A faithful copy of the data is what is wanted, minus any pictures.

- [Provided data]
────────────────────
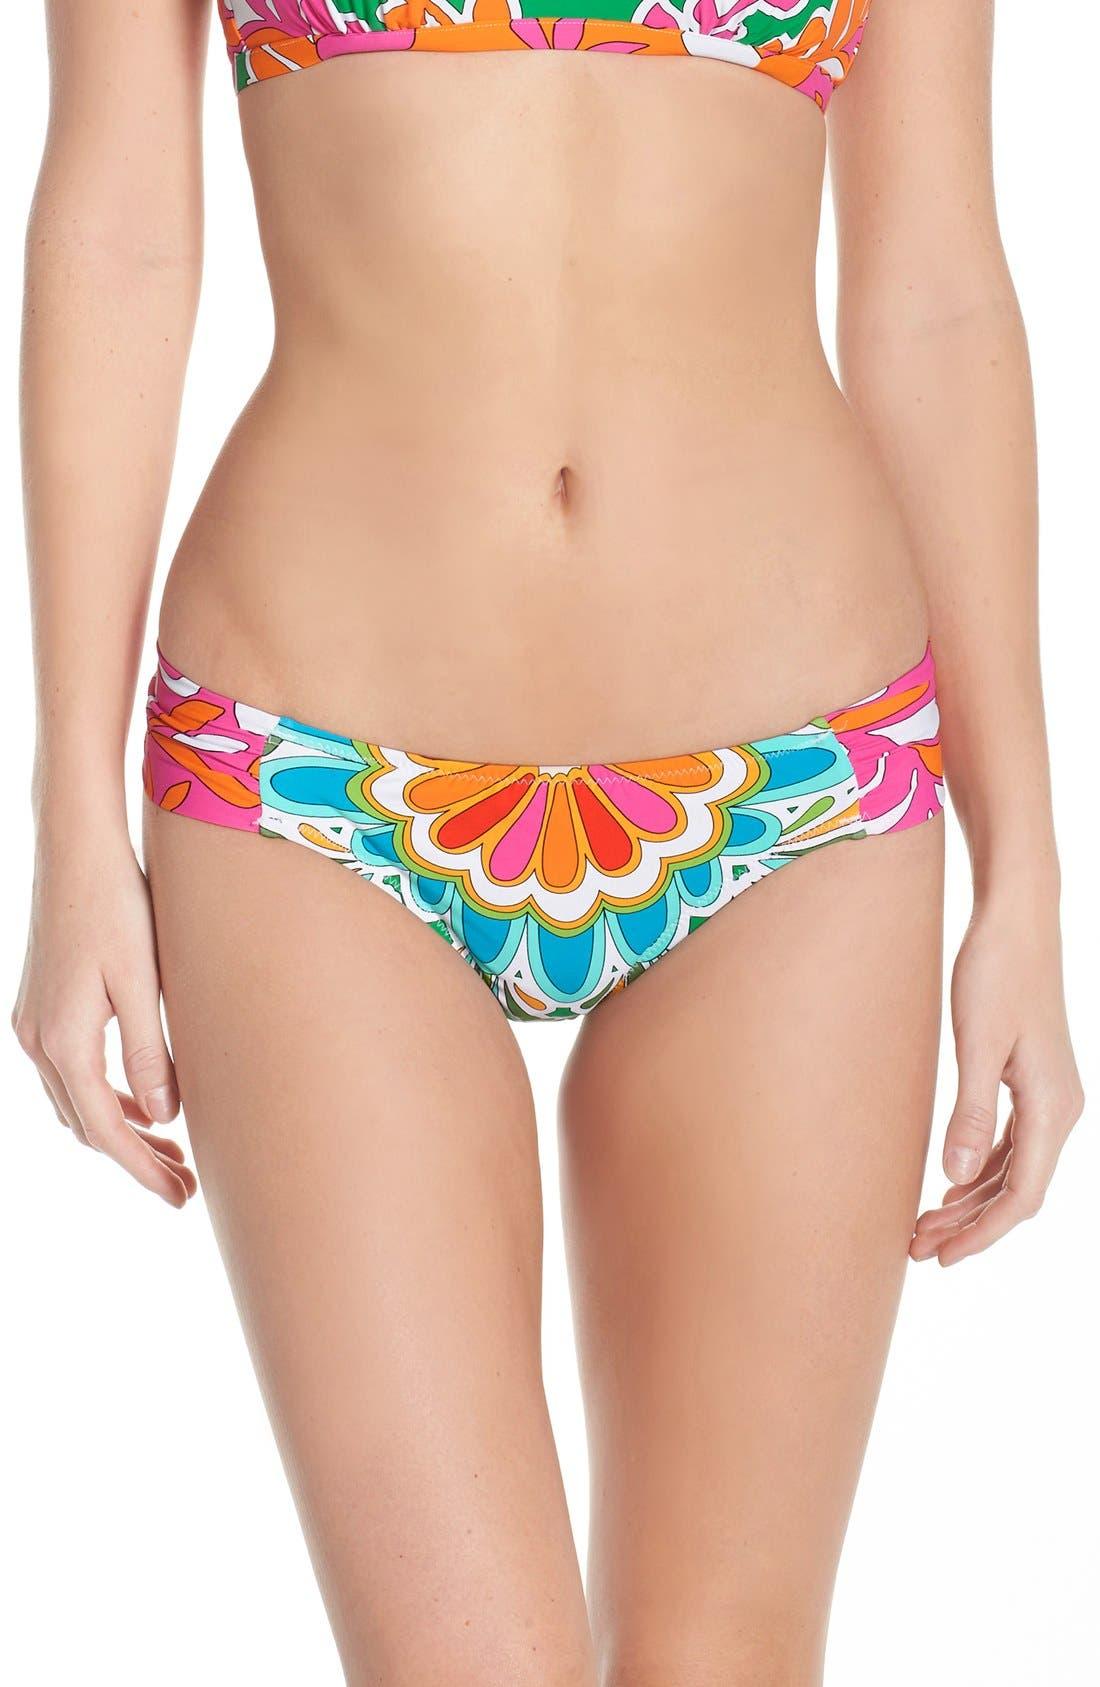 Alternate Image 1 Selected - Trina Turk 'Tamarindo' Hipster Bikini Bottoms
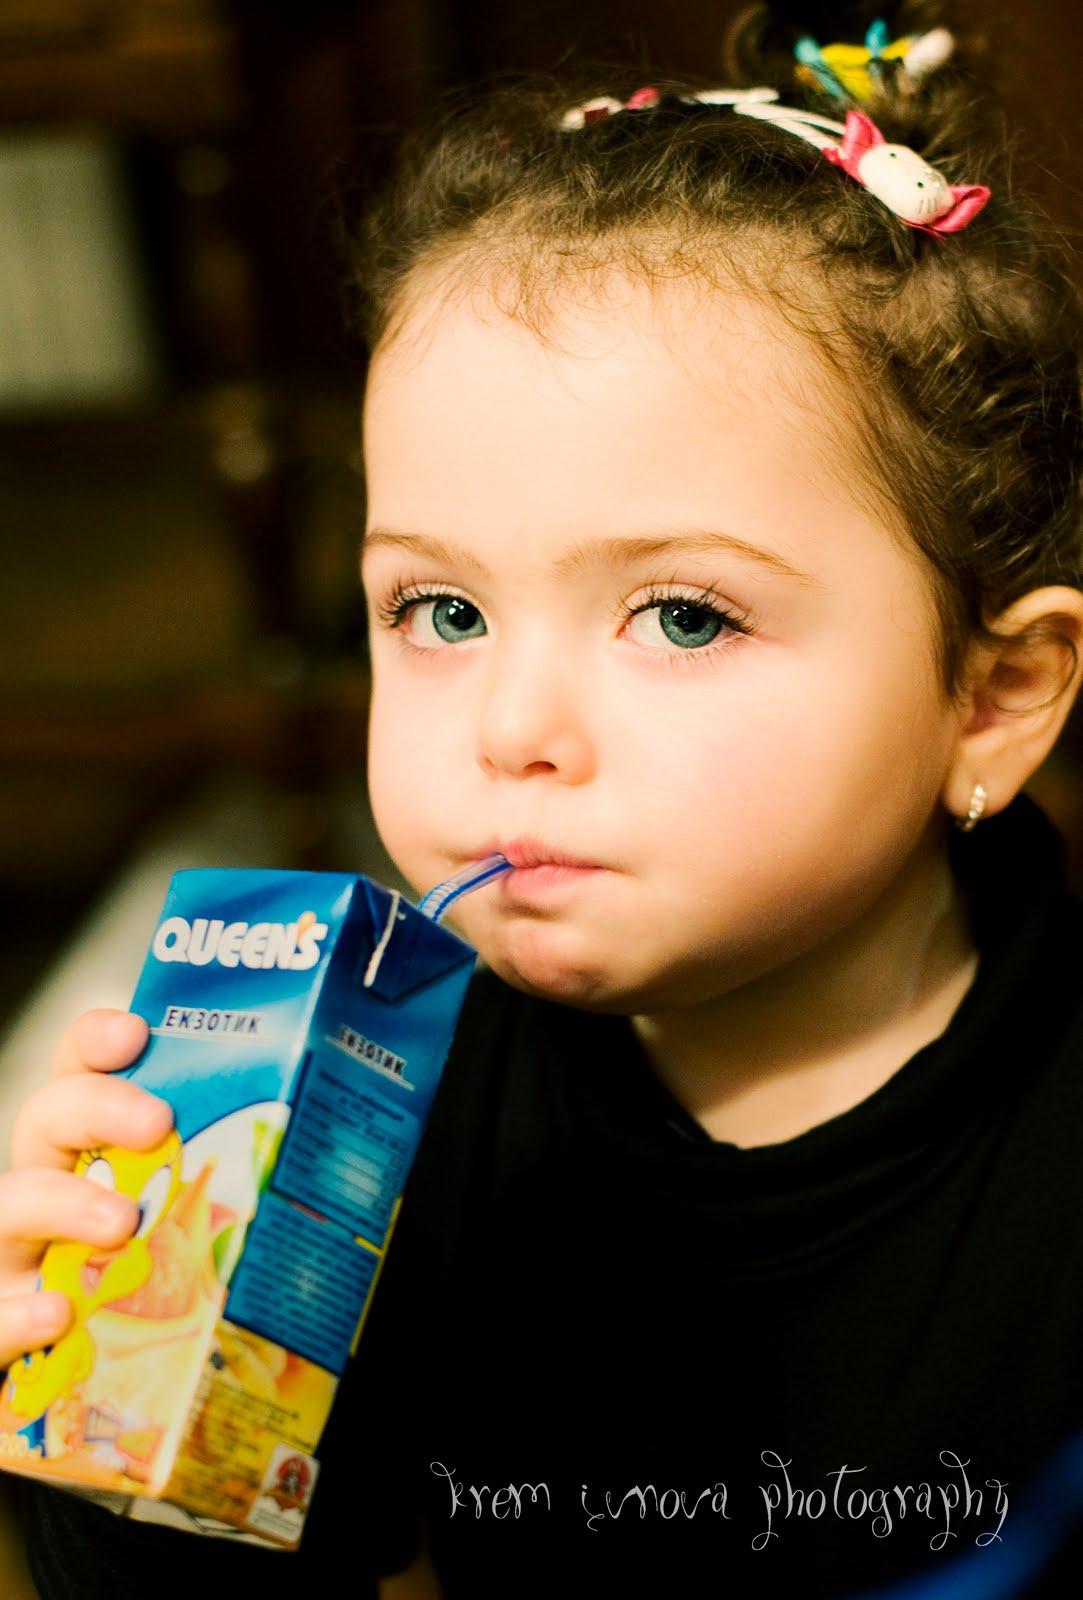 Фото ребенка в 5 недели беременности
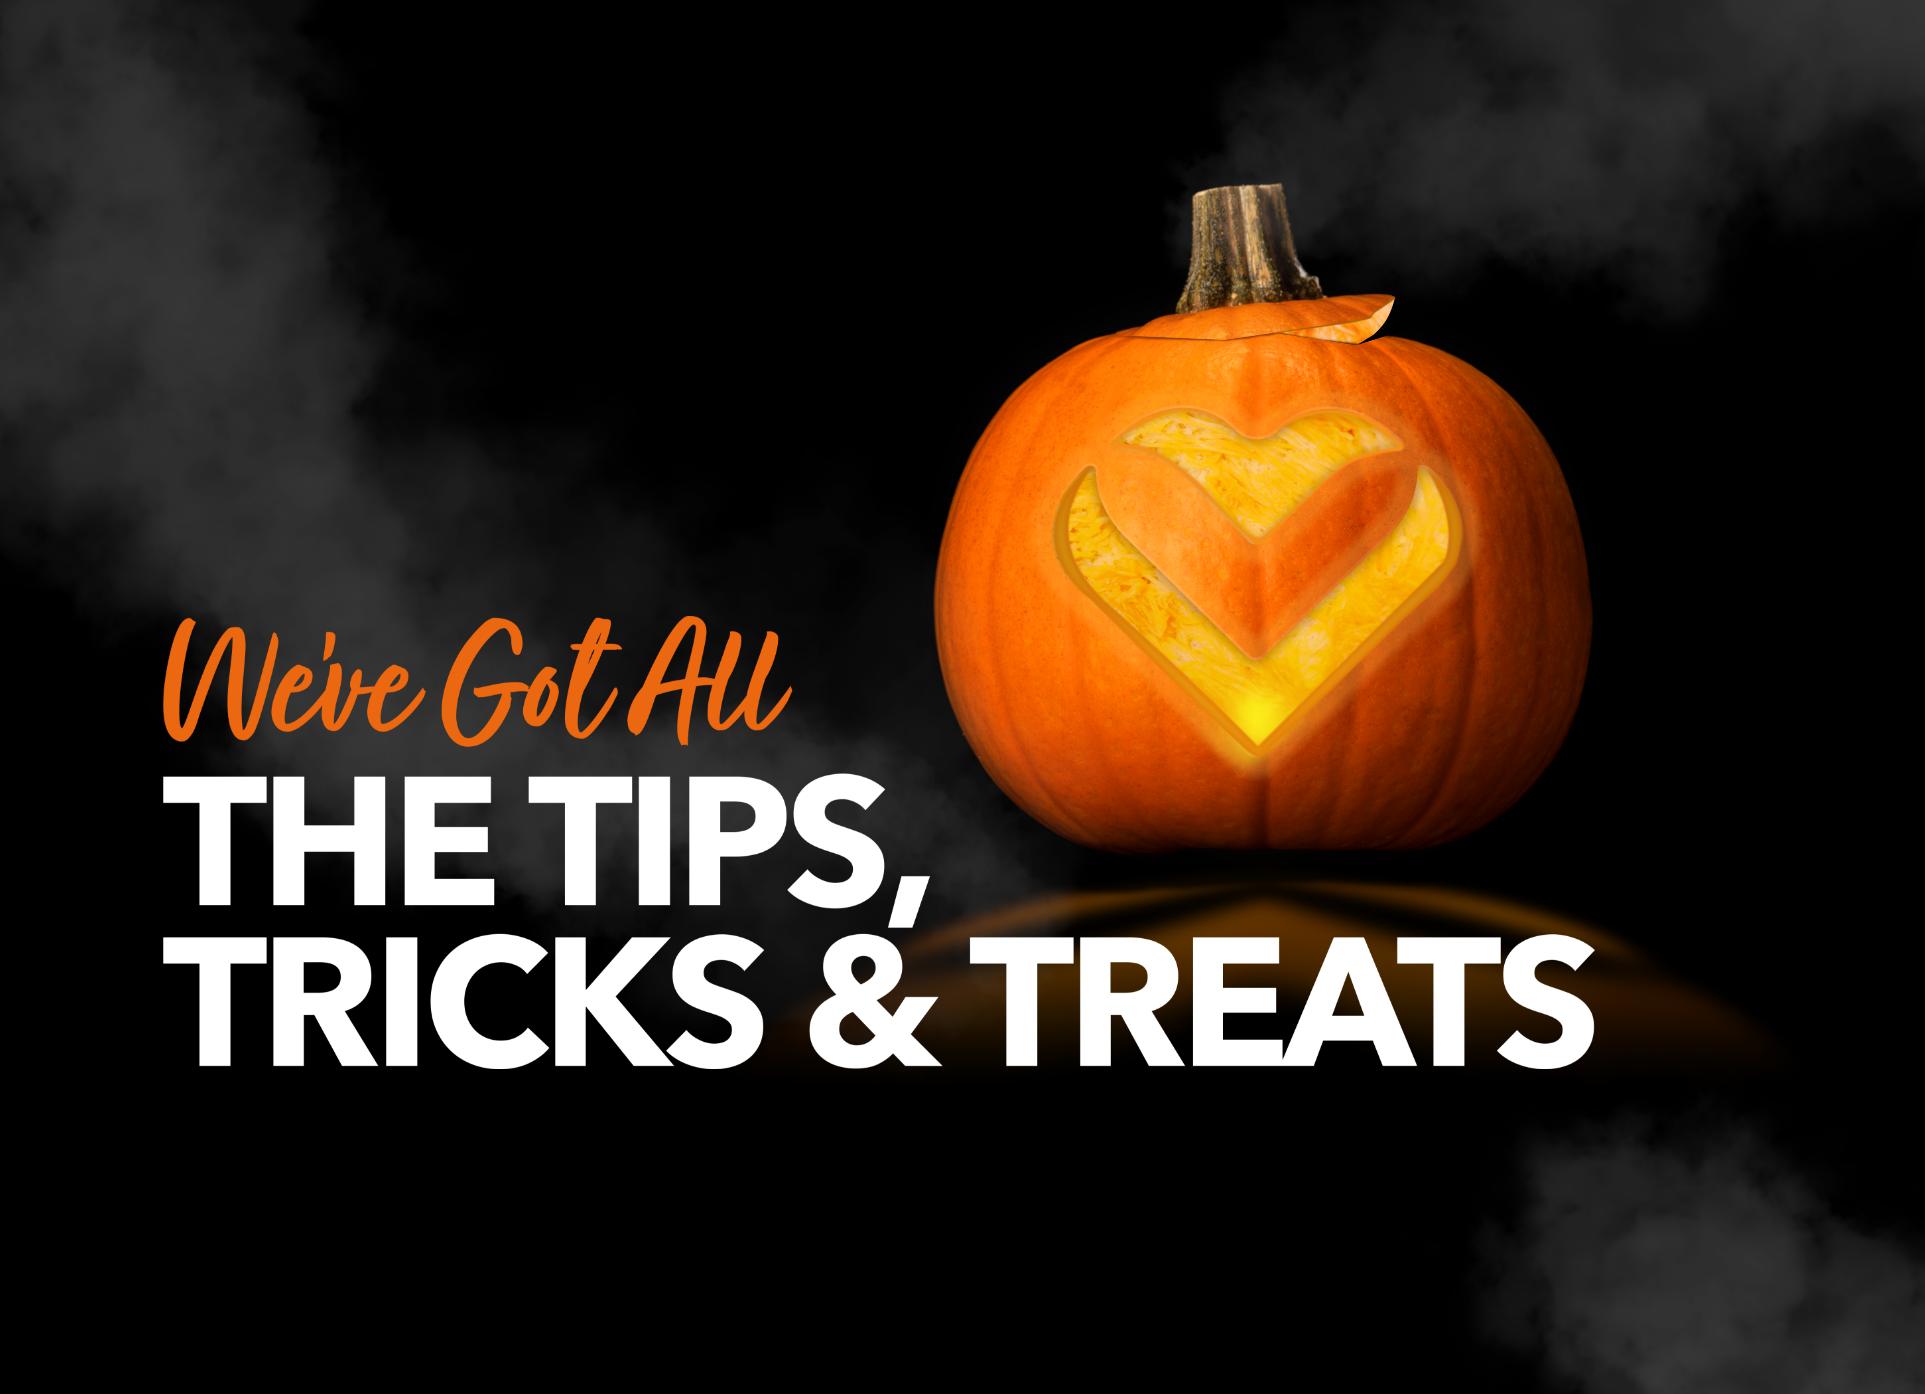 We've Got All the Tips, Tricks & Treats!
────────────────────
- [Answer to the problem]
 Alternate Image 1 Selected - Trina Turk 'Tamarindo' Hipster Bikini Bottoms
 Фото ребенка в 5 недели беременности
 We've Got All the Tips, Tricks & Treats!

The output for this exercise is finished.